In our cohort, only one patient (patient ID 254) was homozygous for the insertion in the SCA31 critical region as determined by PCR analysis (Fig. 5, Table 1). Contrary to our expectation, sequencing showed that only the smaller 3.0-kb insertion had (TGGAA)n stretch. This was also confirmed by Southern hybridization using biotin-labeled (TGGAA)5 probe. The patient developed gait ataxia at approximately age 76 and showed pure cerebellar ataxia by neurological examination at age 87. His clinical features were typical for SCA31 [711, 13, 15]. As his parents died a long time ago, we could not obtain reliable information on his parents or their genomic DNA. It is confusing that he was heterozygous for the C/T substitution in PLEKHG4 but was homozygous for a disease-specific G/A substitution at AB473220 (Table 1).

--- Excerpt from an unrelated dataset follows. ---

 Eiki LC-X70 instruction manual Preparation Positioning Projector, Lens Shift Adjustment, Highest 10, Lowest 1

Moreover, three control individuals had the insertions ranging from 1.0 to 3.5 kb in length. Sequencing and Southern hybridization indicated that these insertions did not contain (TGGAA)n or (TAGAA)n repeats. Information on the family history of cerebellar ataxia was not available for these control individuals because they voluntarily participated in this study as anonymous healthy controls. Neither of them carried the C/T substitution in PLEKHG4, but one control individual (control 1 in Table 1) had G/A substitution at AB473220 and a large insertion (3,520 bp) indistinguishable from SCA31 patients. Sato et al. [6] have shown that the insertion in the SCA31 critical region is rarely observed in control individuals but that the insertion in control individuals is shorter in length than SCA31 patients and lacks (TGGAA)n stretch. At present, however, we do not completely exclude the possibility that the 4.3-kb insertion in patient ID 254 and the 3.5-kb insertion in control 1 have some pathogenic effects, although these insertions are likely to lack (TGGAA)n stretch.

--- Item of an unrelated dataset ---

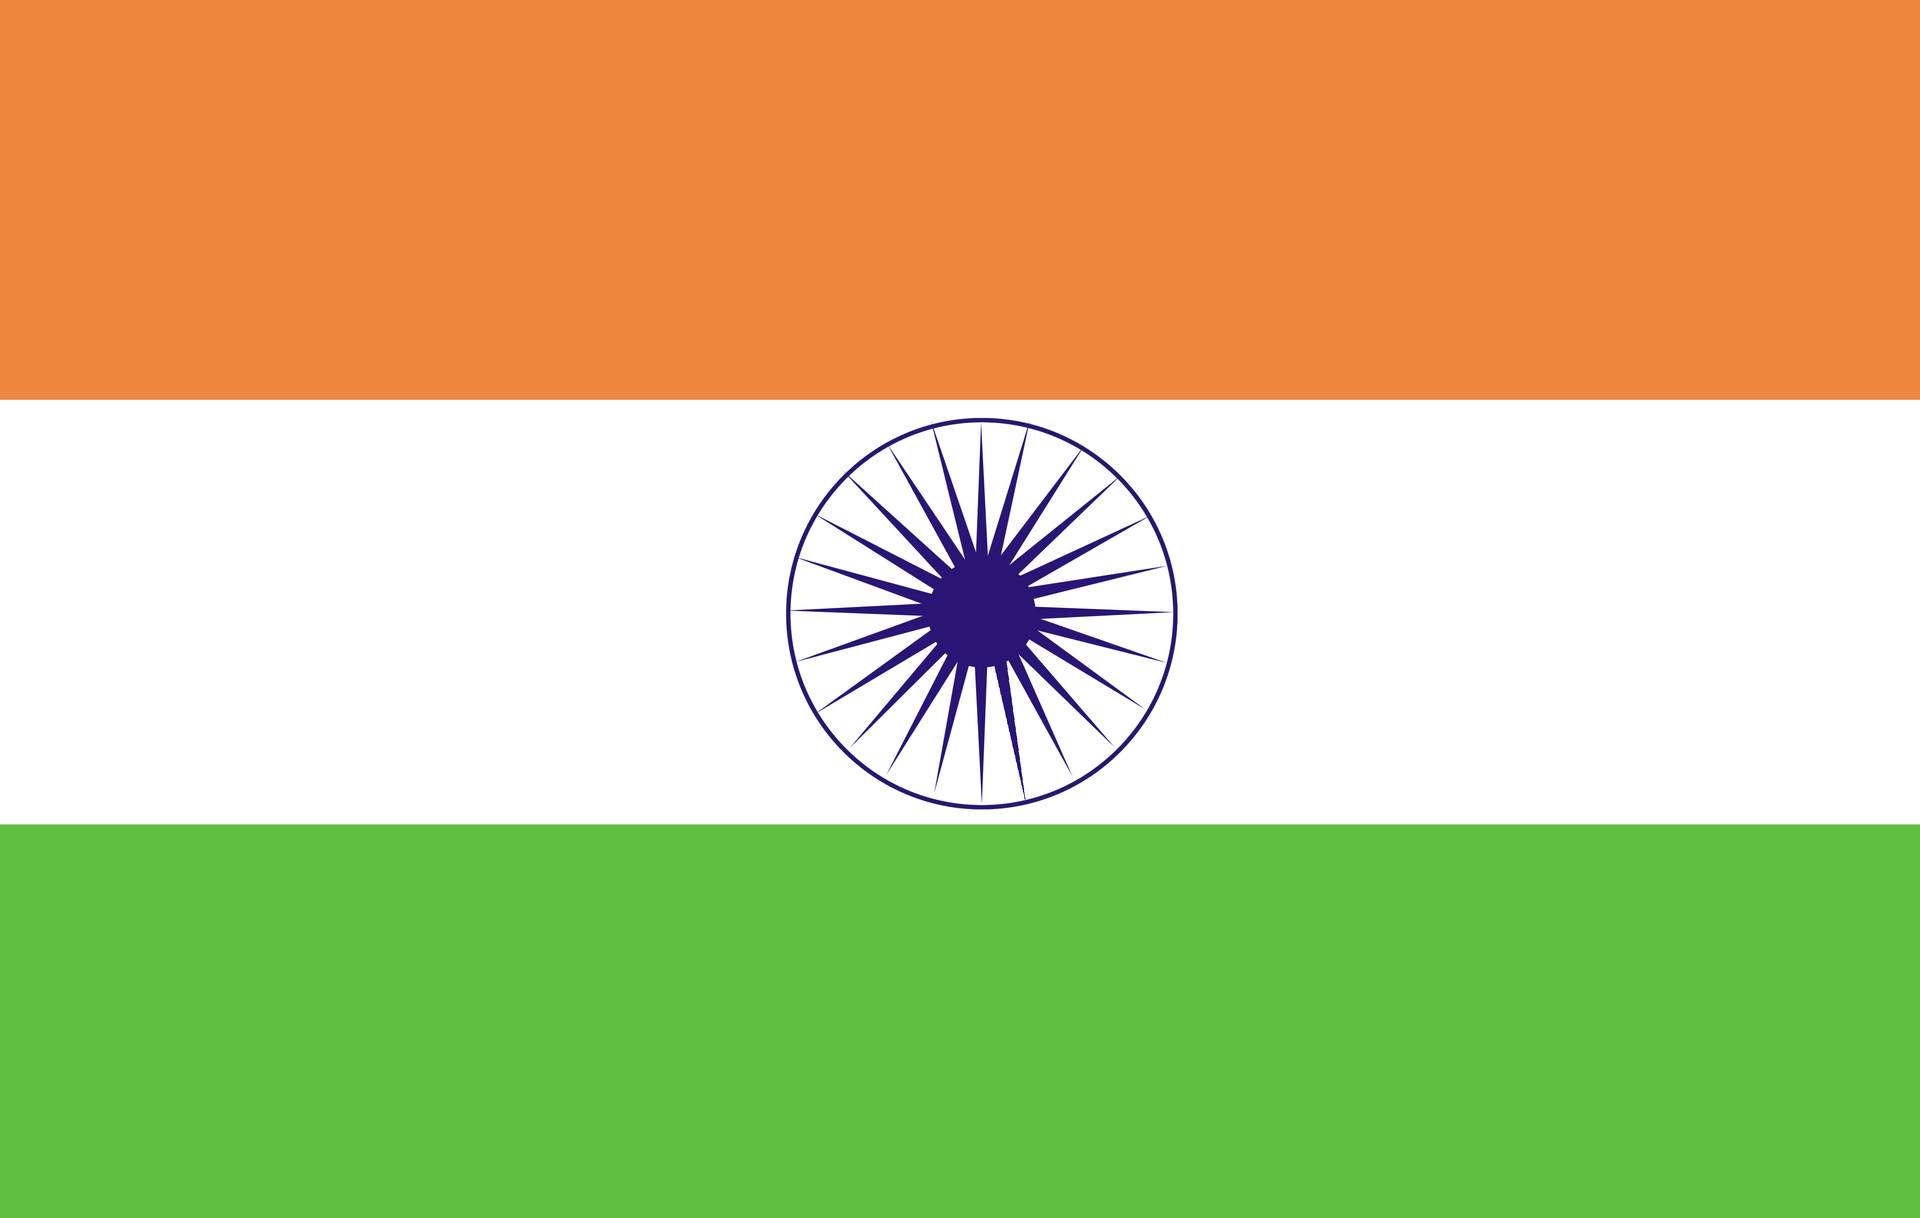 India Flag Texture Image & Photo (Free Trial) | Bigstock
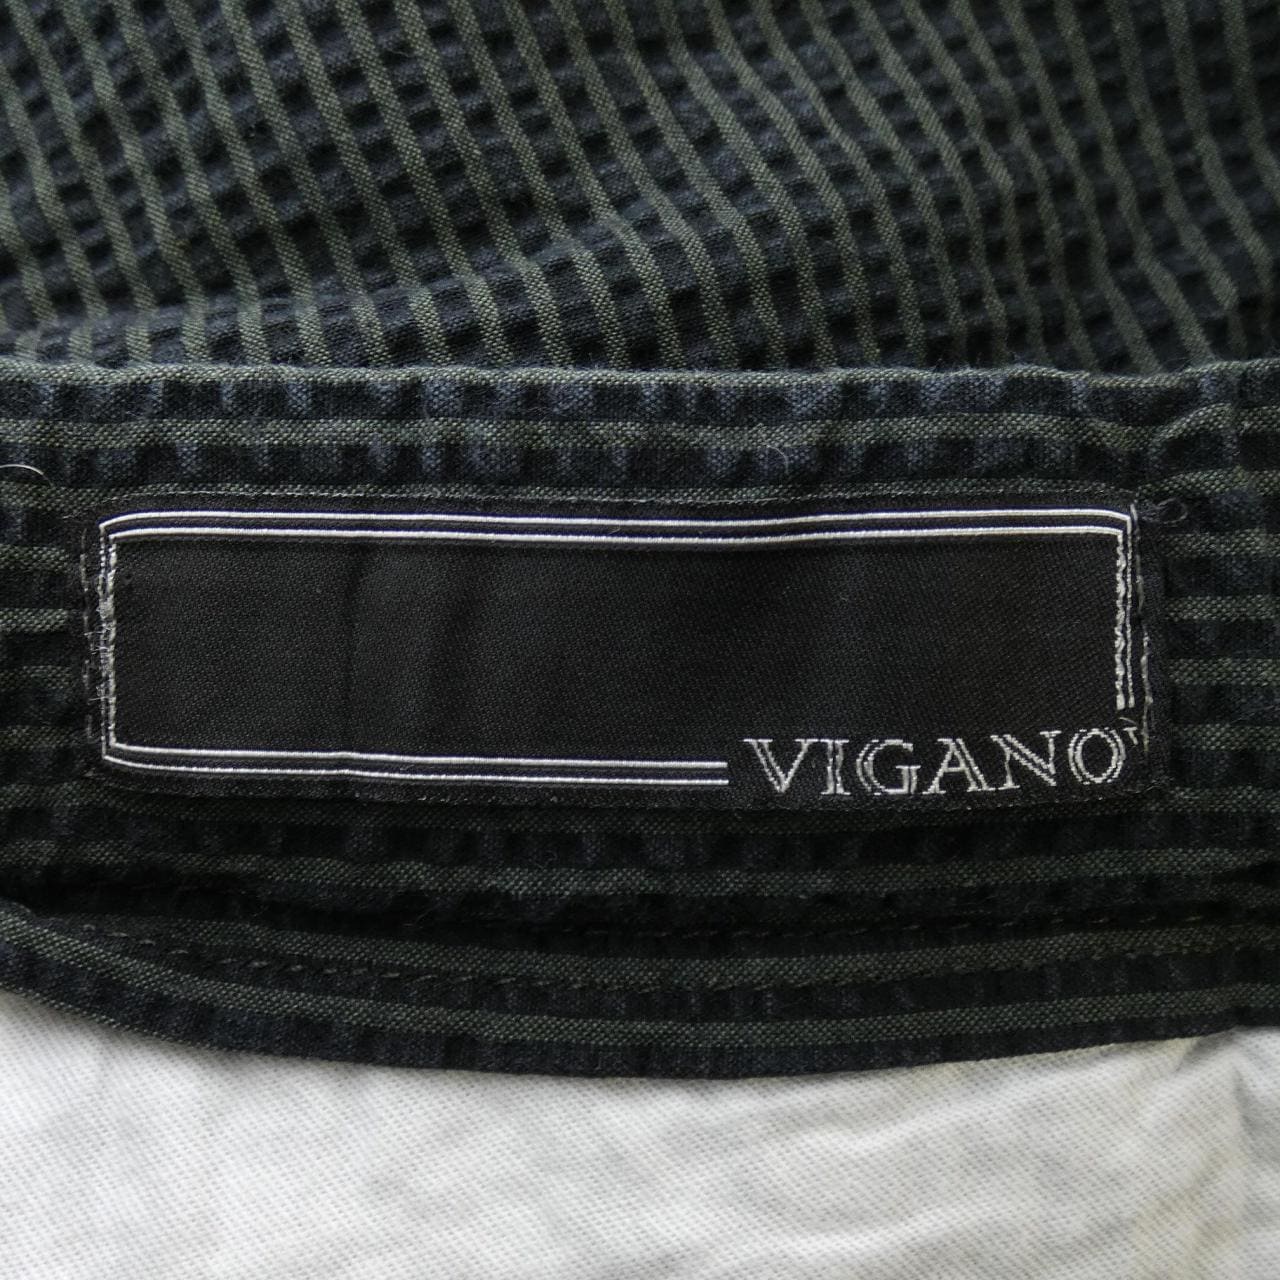 維加諾VIGANO褲

In summary, our data clearly indicate that not only the presence of the insertion but also the size of the insertion in the SCA31 critical region is insufficient evidence for the disease-causing allele. They may support the hypothesis by Sato et al. that the presence of (TGGAA)n repeats is important for the pathogenesis of SCA31. However, it is possible that a large insertion without (TGGAA)n repeats may have a pathological significance, requiring further investigation. The control individual with such insertion in this study may potentially develop cerebellar ataxia in the future, considering that SCA31 is a late-onset disease. The insertion sequences in SCA31 patients consist of (TAGAA), (TGGAA), and (TAAAA) penta-nucleotide repeats of variable numbers [6], but the precise pathogenesis by the penta-nucleotide repeat insertion remains unclear in SCA31. Further detailed characterization of the inserted sequence and data on genotype–phenotype correlation will be needed.